Eine Studie des Nature Research Journals „Scientific Reports“ aus dem Jahre 2019 an Mäuseherzen zeigt, dass Bisphenol S die Herzmuskelfunktion stören kann. Vor allem tat es dies bei weiblichen Mäusen, da BPS an den Östrogenrezeptoren ansetzte.
Die Europäische Chemikalienagentur in Helsinki veröffentlichte 2016 eine Arbeit mit gesammelten Studien, die sowohl in vitro als auch an Ratten durchgeführt wurden. Diese bestätigt, dass Bisphenol S den menschlichen Hormonhaushalt potentiell sehr weitläufig beeinflussen kann:
- Mit Bisphenol S behandelte Tiere wurden entweder gar nicht schwanger oder bekamen weniger Junge als üblich.
- Der Transport und die Hormonwechselwirkung von Östrogen wurde gestört.
- Die Nebennieren (Adrenaldrüsen) waren vergrößert.
- Die Milchdrüsen bei den Weibchen waren verkümmert.

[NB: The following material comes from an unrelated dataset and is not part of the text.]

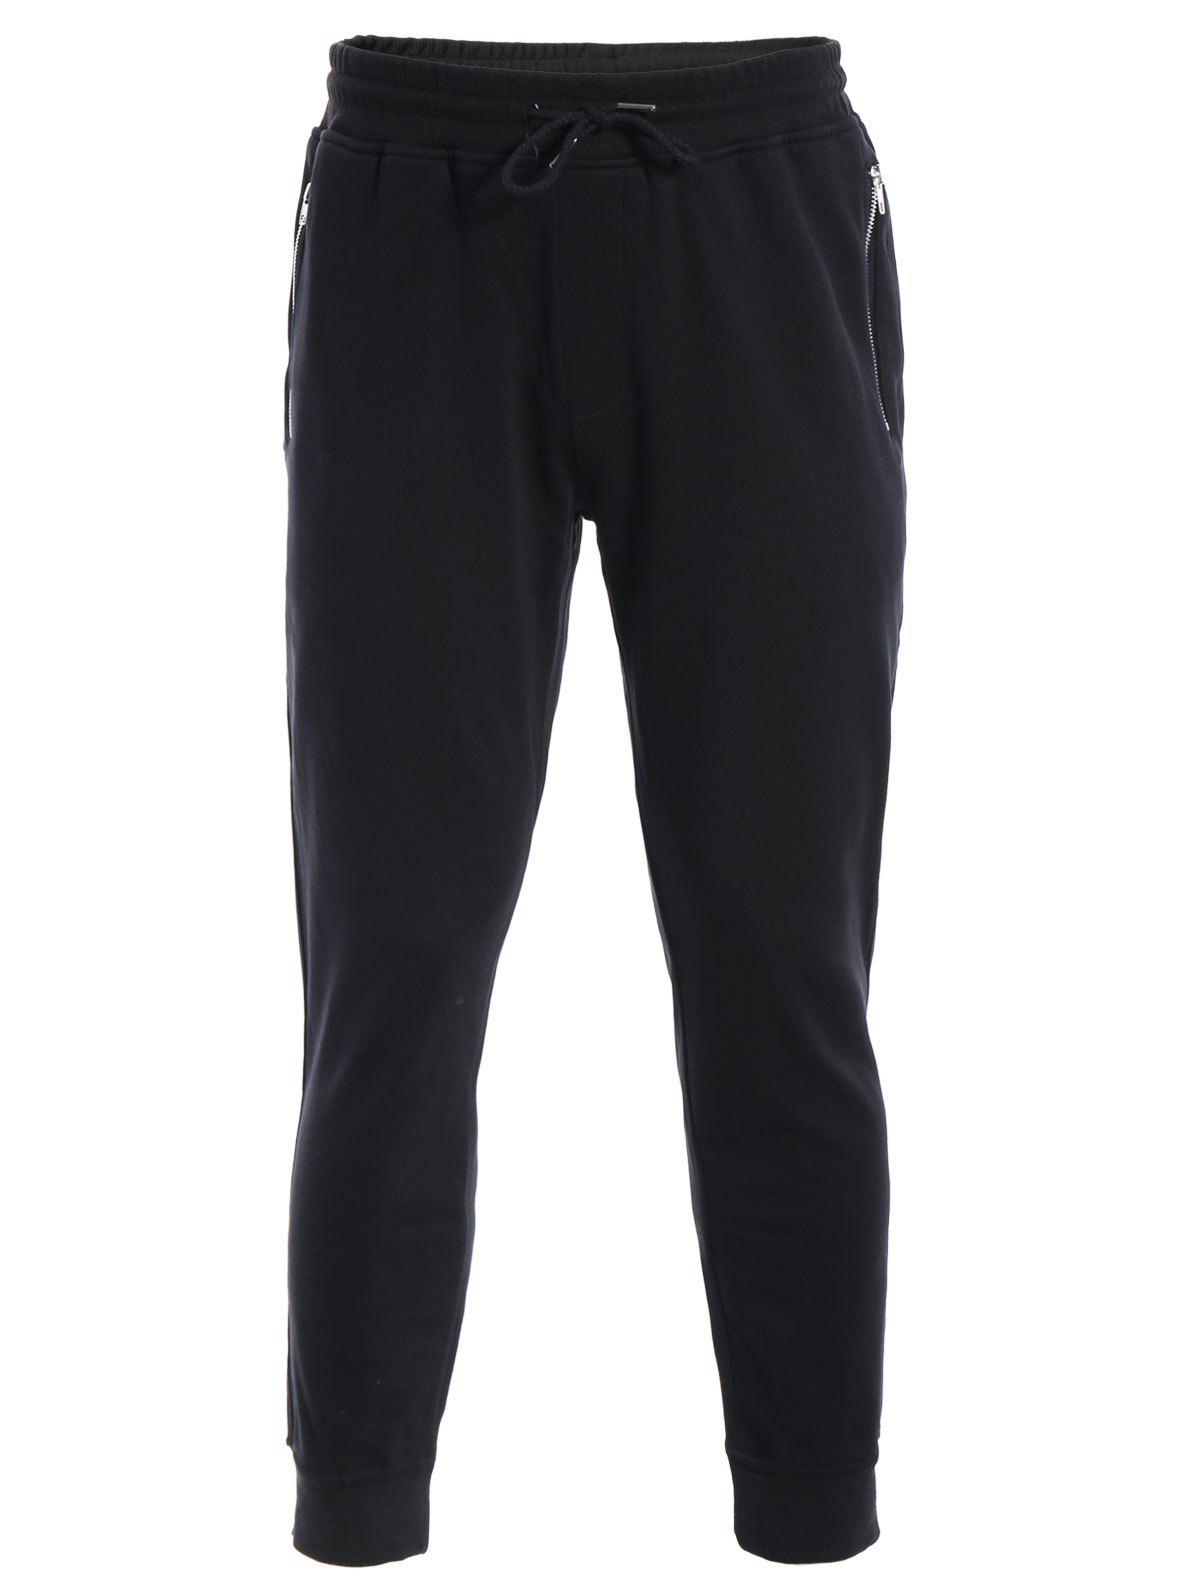 Image of Zip Pockets Mens Joggers Sweatpants

Wie du aktiv gegen Bisphenol S vorgehen kannst
Bisphenol S ist, wie auch Bisphenol A, in vielen Produkten enthalten.
Utopia empfiehlt:
- kaufe so wenige Nahrungsmittel in Plastikverpackungen wie möglich
- wasche dir nach der Handhabung mit den thermobehandelten Kassenbons immer die Hände
- achte auf BPA- und BPS-freie Produkte (wie z.B. bei Trinkflaschen).
Was du außerdem tun kannst:
- Leute aktiv über Bisphenol S und seine schädlichen Wirkungen informieren.
- Eine Petition für den Bundestag gegen den spezifischen Einsatz von Bisphenol S und den weiteren BPA-Ersatzstoffen entwerfen, verbreiten und einreichen (zum Beispiel mit Hilfe von openpetition.de).
- Direkt an Politiker schreiben und sie über diese Problematik aufklären.